The reply should hold every line of the data below, unchanged, and none of the pictures.

**Material provided:**

···

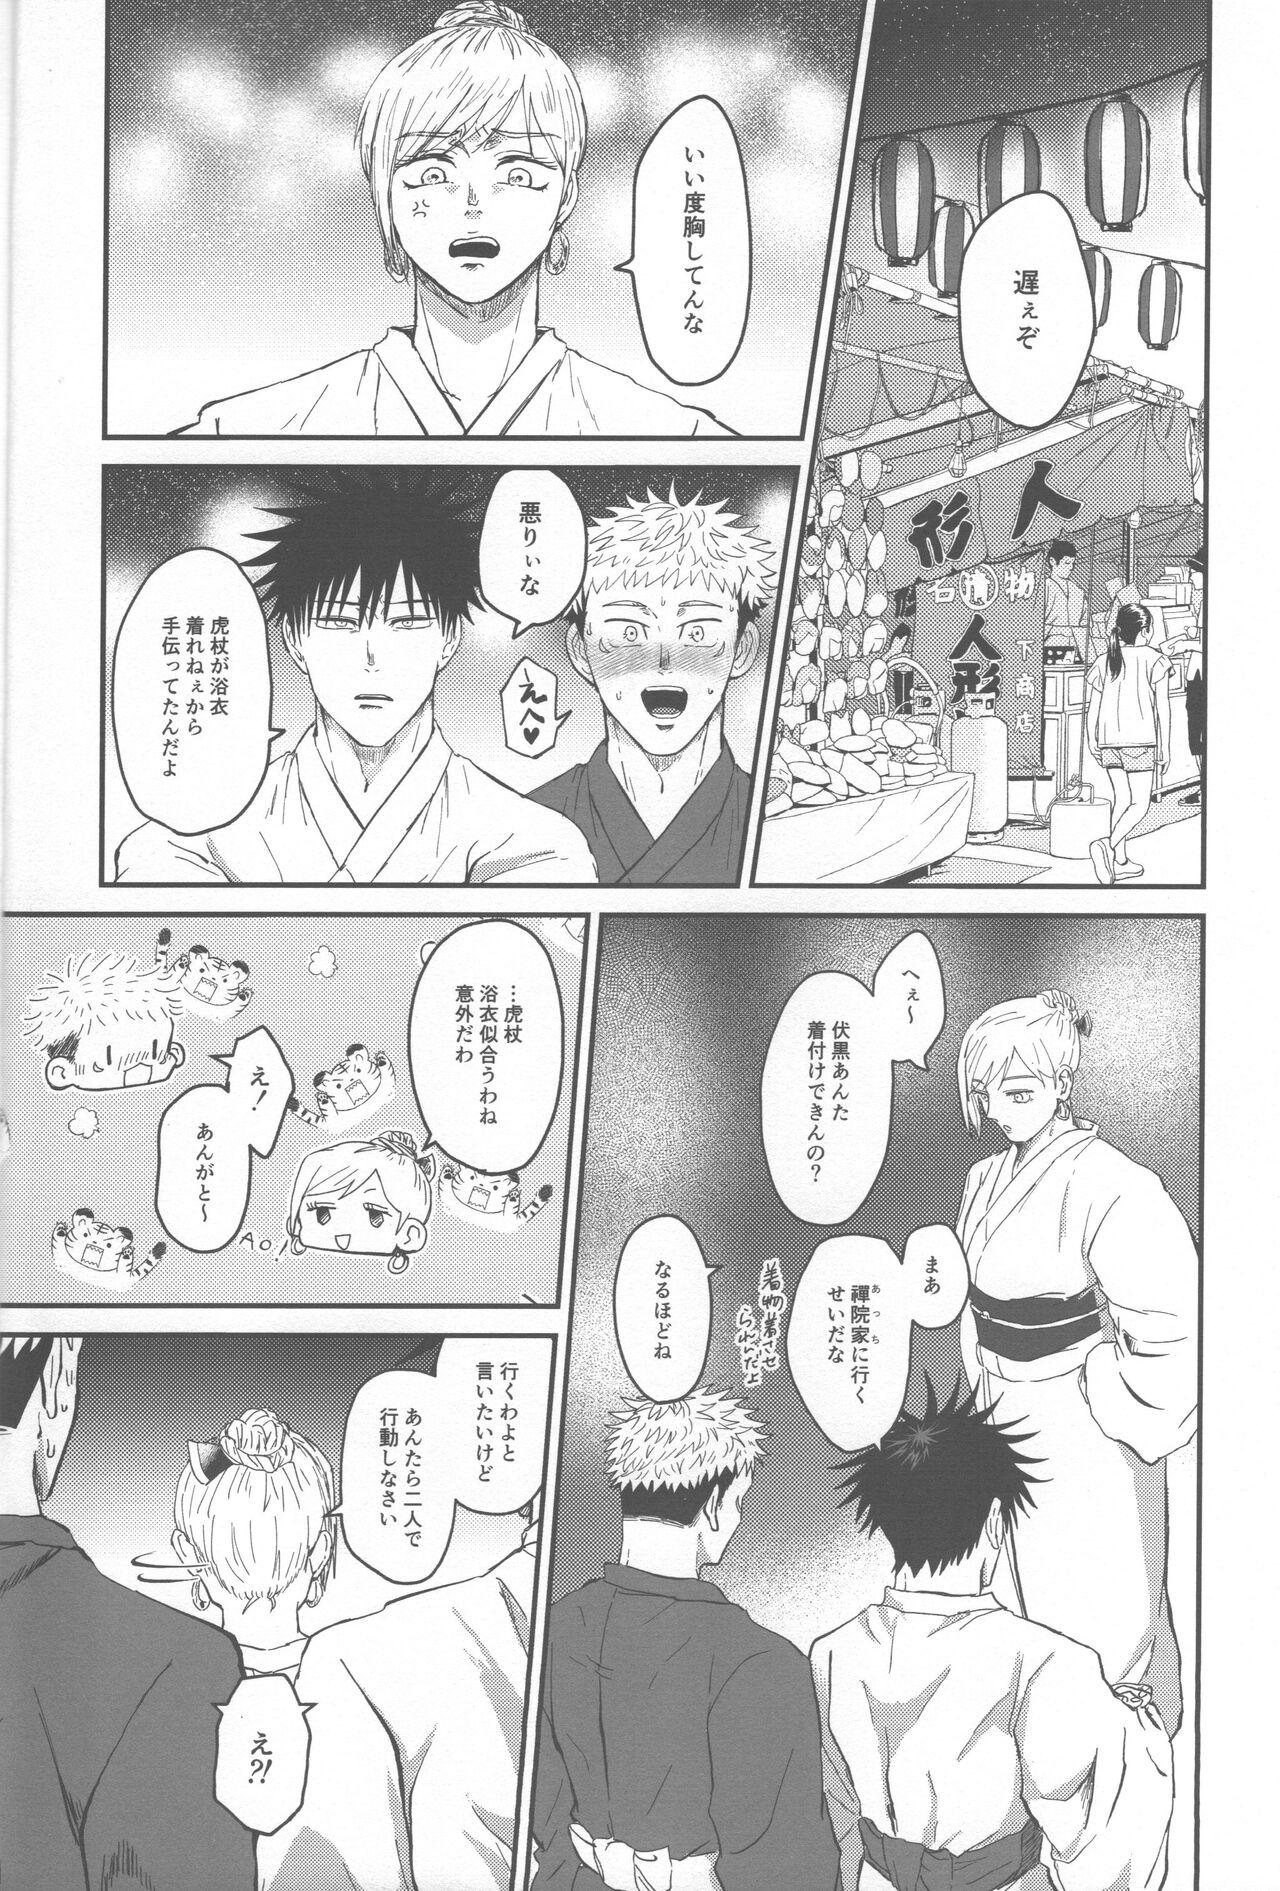 Pigtails Netsu wo obi bu - Jujutsu kaisen She - Page 7
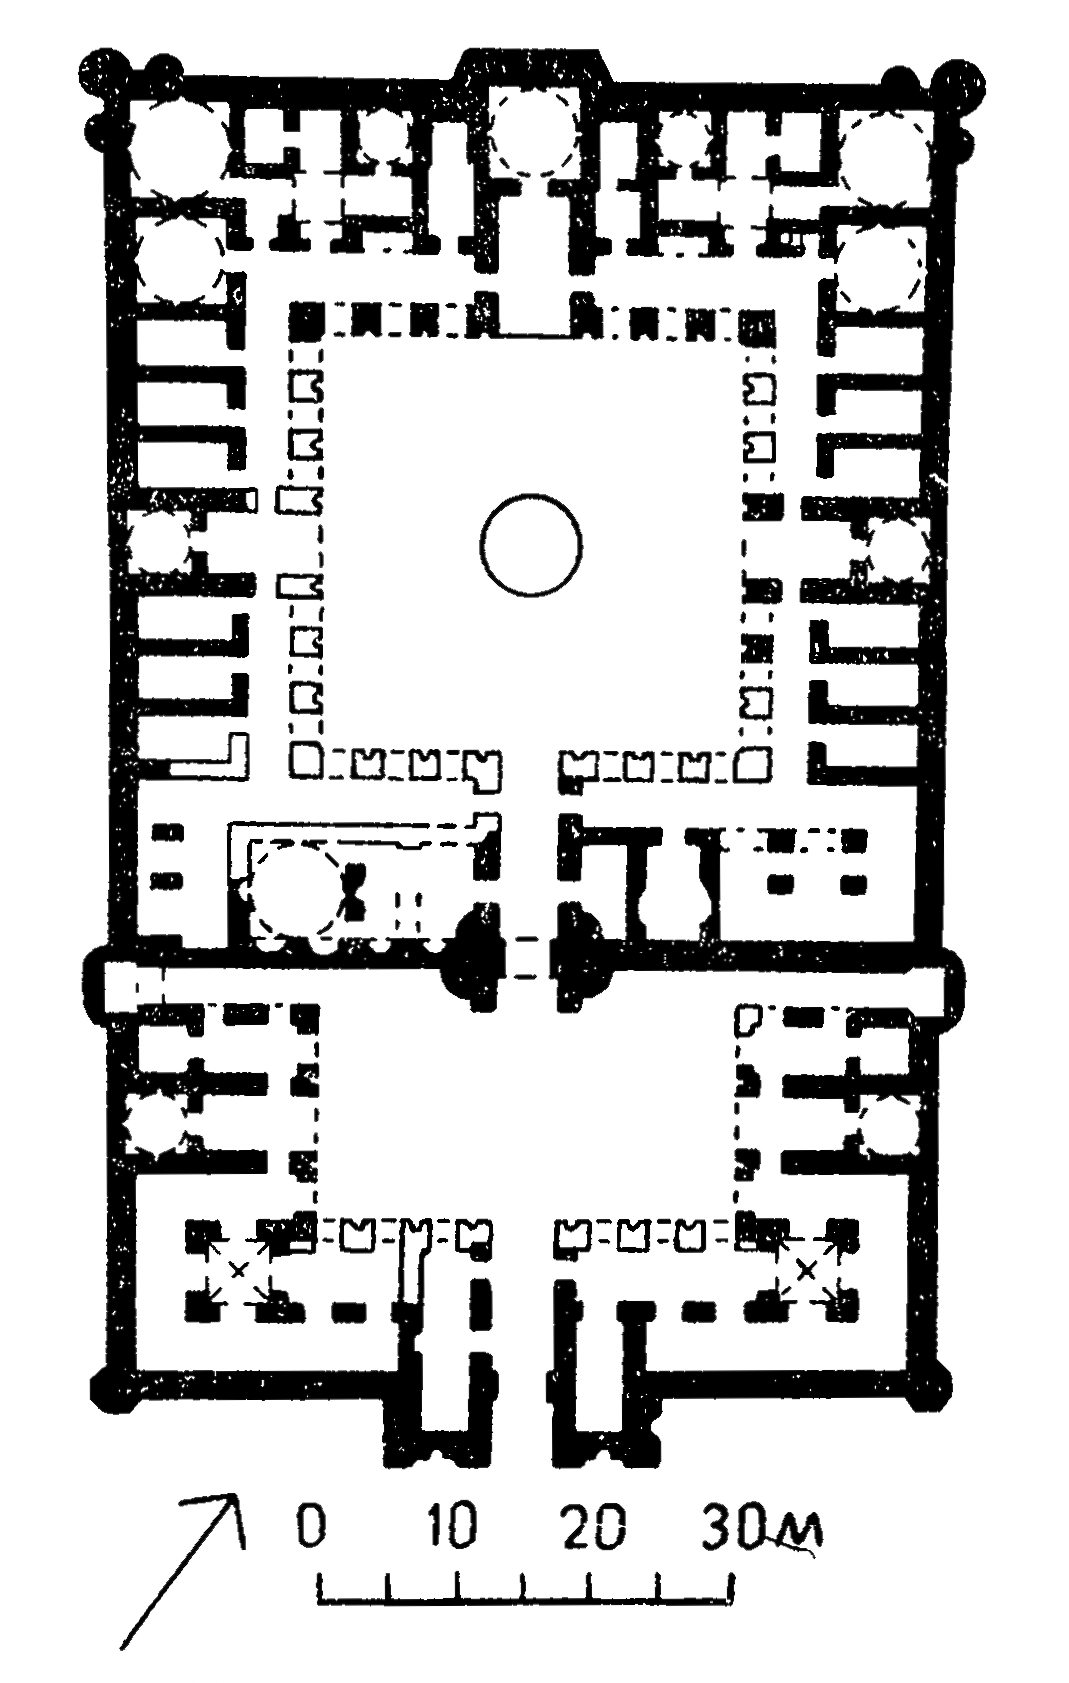 Караван-сарай Робате-Шараф в Хорасане, 1114—1115 г.
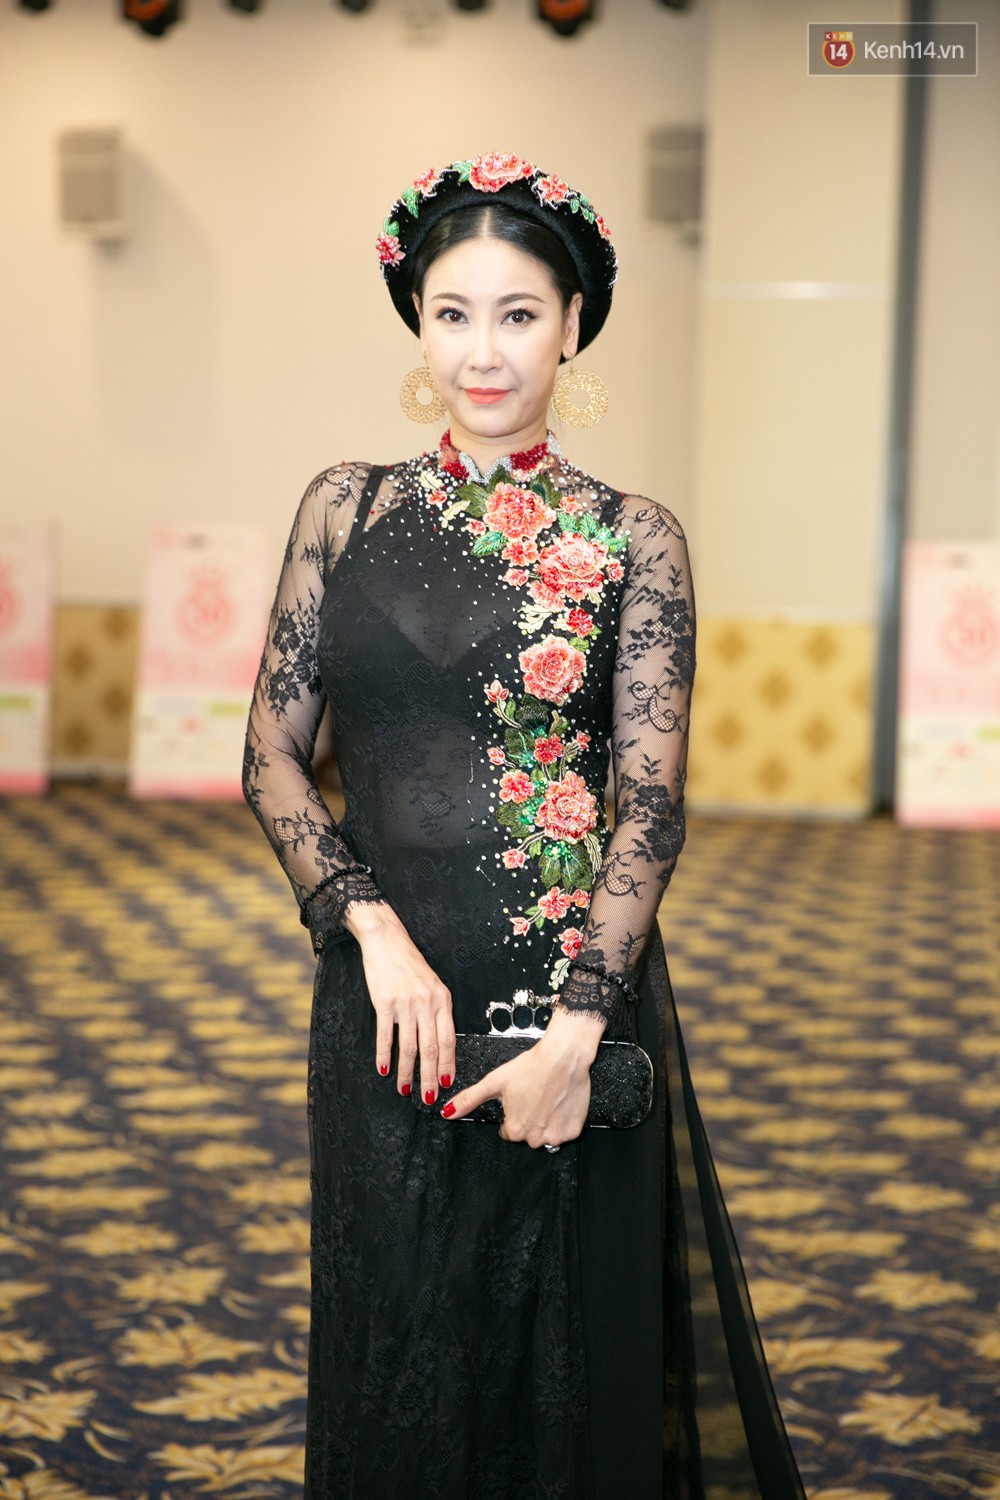 Trước thềm chung kết, hé lộ cận cảnh vương miện, quyền trượng giá trị của Tân Hoa hậu Việt Nam 2018 - Ảnh 5.
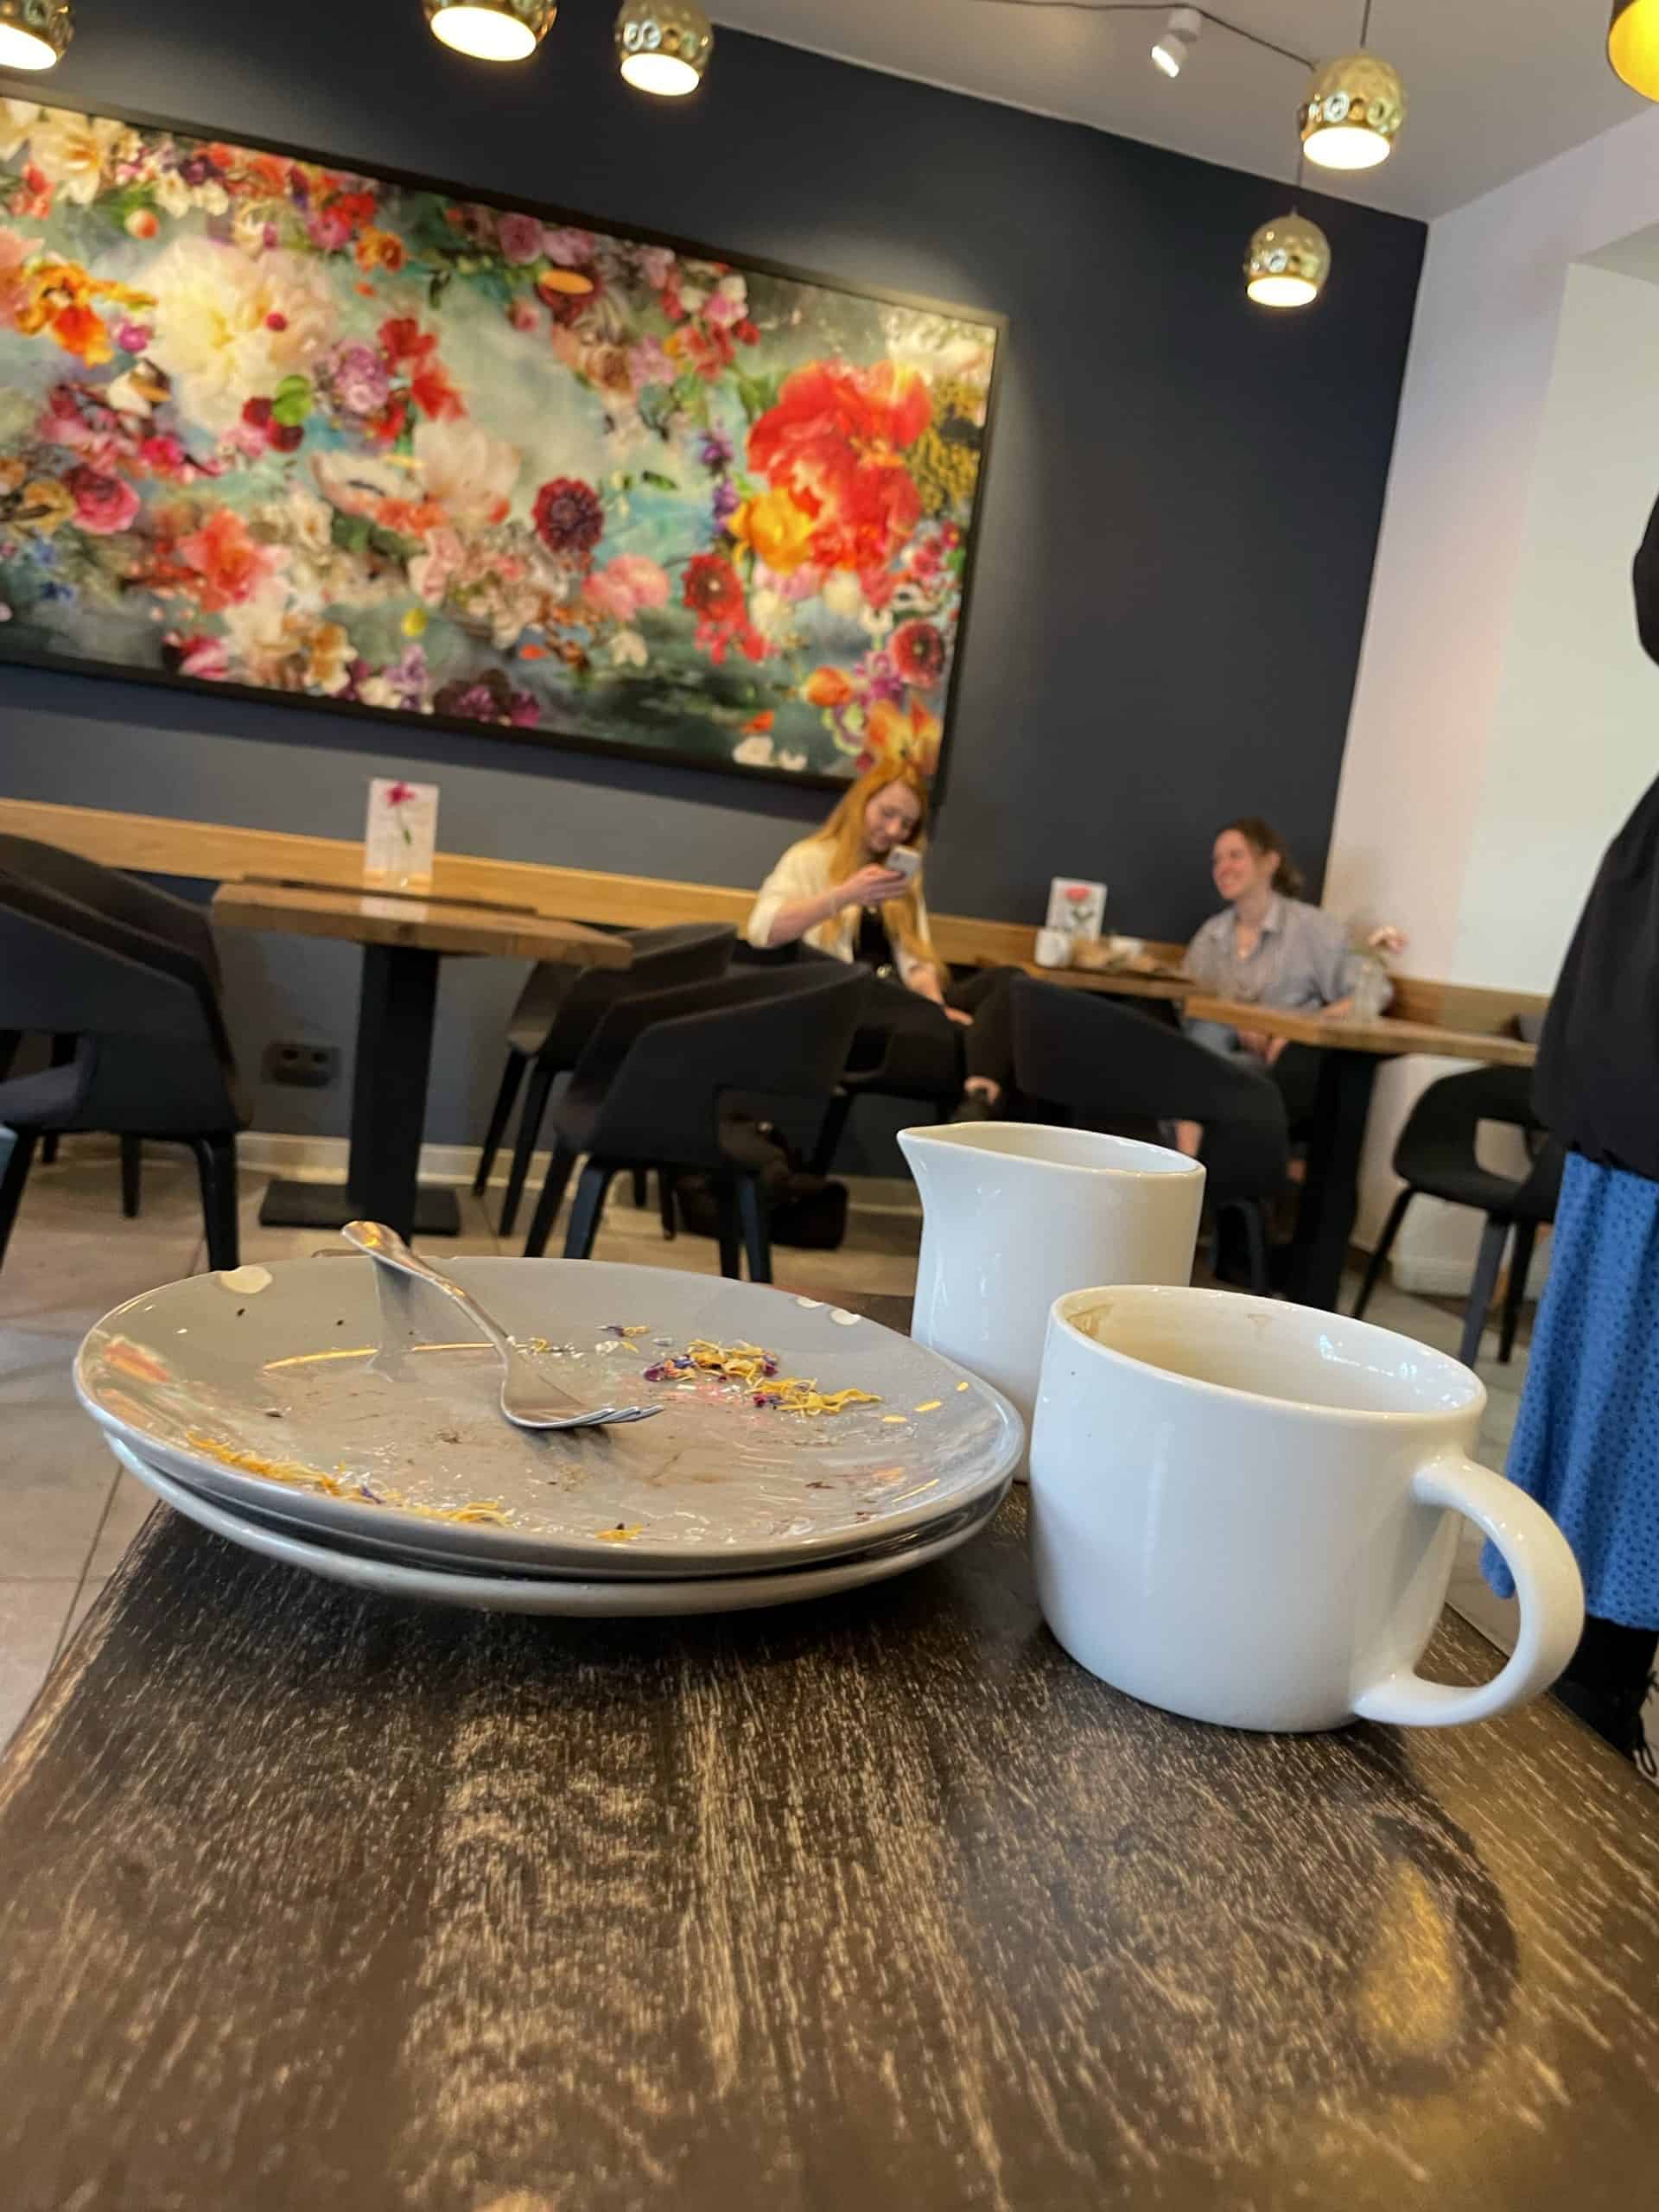 Cafe Rosenberg: leere Kuchenteller und Tassen

···

**Completed task:**
 Pigtails Netsu wo obi bu - Jujutsu kaisen She - Page 7
 Караван-сарай Робате-Шараф в Хорасане, 1114—1115 г.
 Trước thềm chung kết, hé lộ cận cảnh vương miện, quyền trượng giá trị của Tân Hoa hậu Việt Nam 2018 - Ảnh 5.
 Cafe Rosenberg: leere Kuchenteller und Tassen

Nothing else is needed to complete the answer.